Lily, Luke's seven-year-old, had climbed onto his back and was using his shoulders as a lookout post while she directed some kind of imaginary battle. Ramon’s twins, Emmy and Sam, were attacking his legs with foam swords they'd probably stolen from the playroom. And little Theo Blackwood, Maren's nephew, was solemnly presenting Rafe with a crown made of dandelions and clover, his face serious with the weight of the ceremony.
“You have to wear it,” Theo was explaining, his small voice carrying across the meadow. “Or the magic won't work.”
“The magic,” Rafe repeated, and his voice was different than I'd ever heard it. Softer. Lighter. Like something had unwound in his chest. “What kind of magic?”
“Protection magic.” Theo placed the crown carefully on Rafe's head, adjusting it until the stems sat just right. “Grammy says flowers hold the sun inside them, and the sun keeps badthings away. So if you wear the crown, the bad things can't find you.”
Something flickered across Rafe's face. Gone too fast to read, but I caught the edge of it. Something raw.

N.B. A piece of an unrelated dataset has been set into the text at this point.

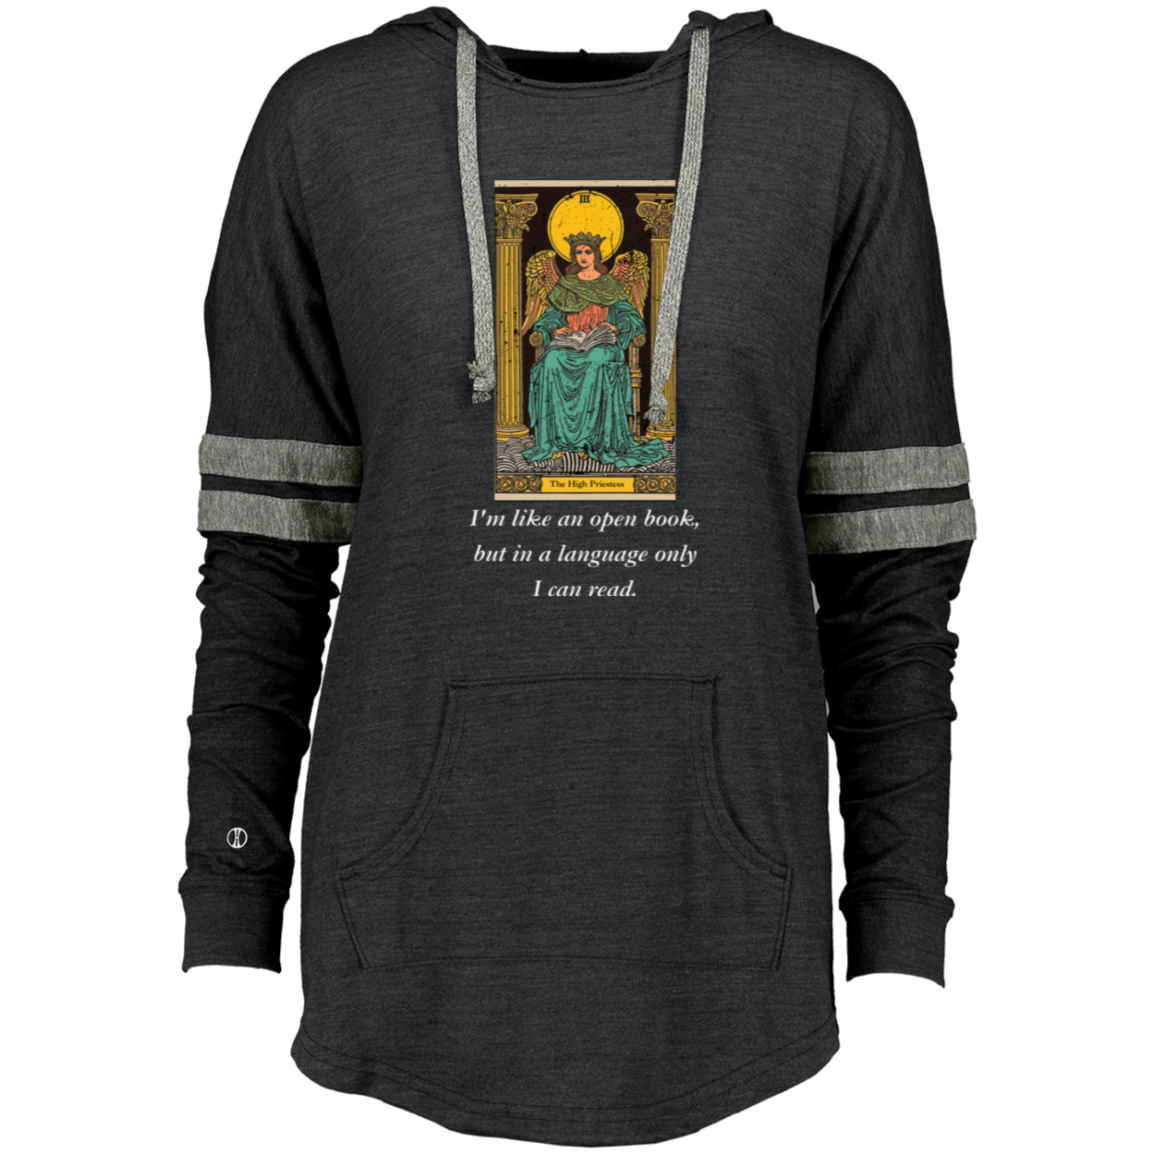 Funny the high priestess women's black tarot card hoodie pullover from BLK Moon Shop

Something that looked almost like grief.
“That's very smart,” he said quietly. “Your Grammy sounds like she knows a lot about magic.”

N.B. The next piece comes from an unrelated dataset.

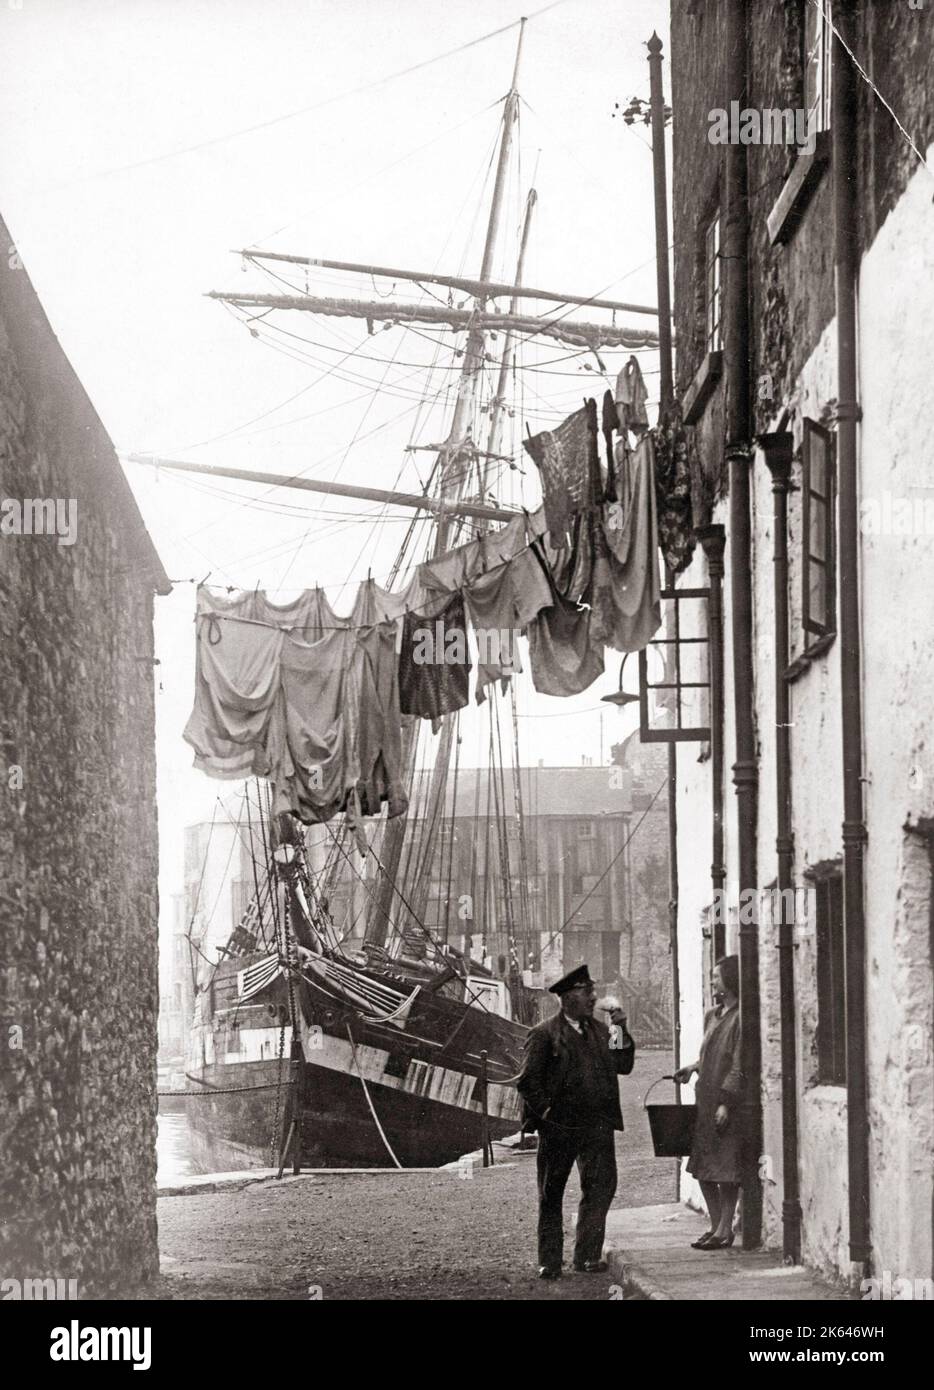 Port scene, with sailor and washing line, UK, 1930's Stock Photo

“She's a wolf,” Theo said, like that explained everything. “Wolves know all the magic.”
Lily shrieked with laughter from her perch on Rafe's shoulders as Emmy landed a particularly enthusiastic sword blow on his knee. “You're supposed to fall down! You're the dragon!”
“I'm the dragon?” Rafe twisted to look up at her, careful not to dislodge her grip. “I thought I was the knight.”
“Knights are boring. Dragons are better.” Lily bounced slightly, making Rafe wince. “Dragons can fly and breathe fire and they have treasure.”
“Do I have treasure?”
“Not yet. You have to earn it by being a good dragon.” She pointed imperiously at the tree line. “Go that way. We have to rescue the princess.”
“There's a princess?”
“Sam is the princess.”
Sam, who was currently trying to decapitate Rafe's ankle with his foam sword, looked up with outraged dignity. “I'm not a princess! I'm a warrior!”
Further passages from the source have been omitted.